В 1772 году Носов со своей труппой переехал в Москву. Дела отставного поручика шли неважно, и он думал платными спектаклями их поправить. Правда, воспоминания о чуме и страшном бунте заставляли многих помещиков отсиживаться в подмосковных поместьях. Но, несмотря на это, зал, вернее сарай с выбеленными бревнами вместо колонн, с лавками, покрытыми для приличия крашениной, всегда был полон. В антрактах мелкие чиновники, купцы и офицеры грызли подсолнухи, ласкали подруг, заводили пьяные драки. Многие приносили собственные свечи, ибо освещение полагалось только на сцене. Шли главным образом французские комедии, сдобренные танцевальным дивертисментом и непристойностями.
Настасья выросла и похорошела. У нее были узкие бедра, холодные серые глаза, и маленькие нервные руки. Опьяненная пестротой Москвы, она мечтала о собственном огромном доме, о робронах из негнущегося глазета, о драгоценностях и власти. Она презирала рабов, ненавидела господ и плакала от бессильного желания изменить собственную судьбу.

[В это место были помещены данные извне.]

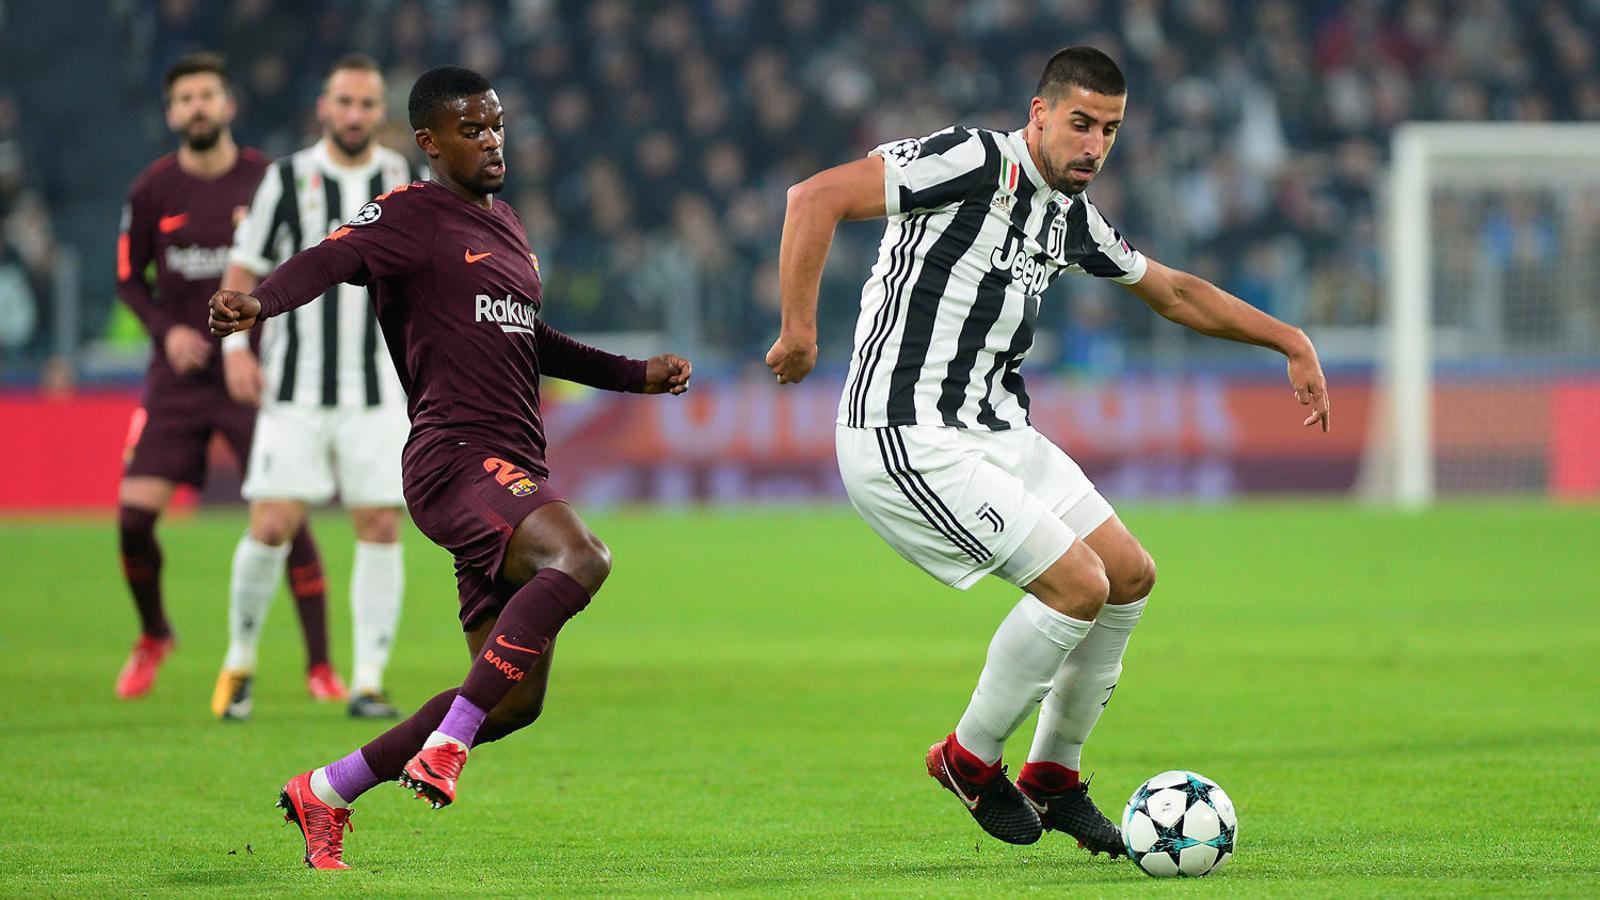 Semedo, pressionant Khedira, en una acció del Juventus-Barça de dimecres a Torí.
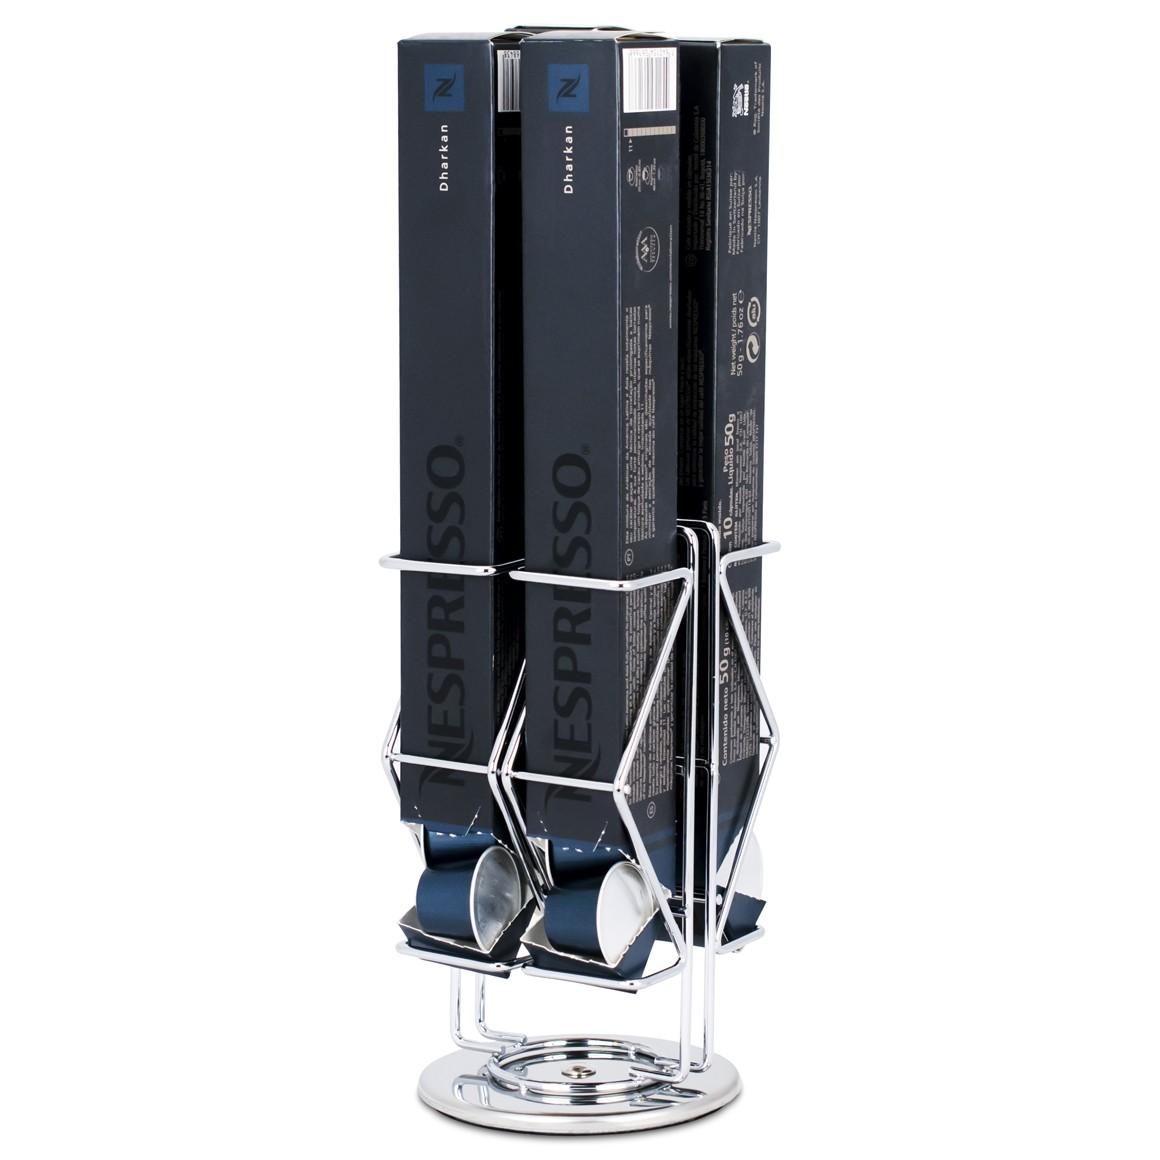 Porta Cápsulas Nespresso Silver - 4 Caixas

Носов смотрел на дерзости Хлоповой сквозь пальцы. Он не мог позабыть, как после двадцати пяти розог, назначенных за какую-то сценическую провинность, главную балерину театра вынули из петли, и несколько недель она провалялась в горячке. ‘Барыней быть хочешь, ан холопкой помрешь’, — язвили в девичьей. ‘А вам завидно, дуры’, — равнодушно отвечала Настасья.
Мечтая о том, как в серебряной карете, с розовым веночком на голове, поедет она венчаться в Борисо-Глебскую церковь на Арбате, Настасья отдалась дворянину Эсперу Яковлеву. На третьем месяце бросилась в ноги барину, прося не гневаться. ‘Эспер Андреевич на мне жениться намерение имеет… Перед богом я ему невеста нареченная…’ Носов яростно затопал ногами: ‘Хамка дворянину не ровня. Брюхатая ж девка актеркою быть не может’. Через несколько дней, жестоко выпоров, Настасью отправили в село Владимировку Алатырского уезда пасти свиней.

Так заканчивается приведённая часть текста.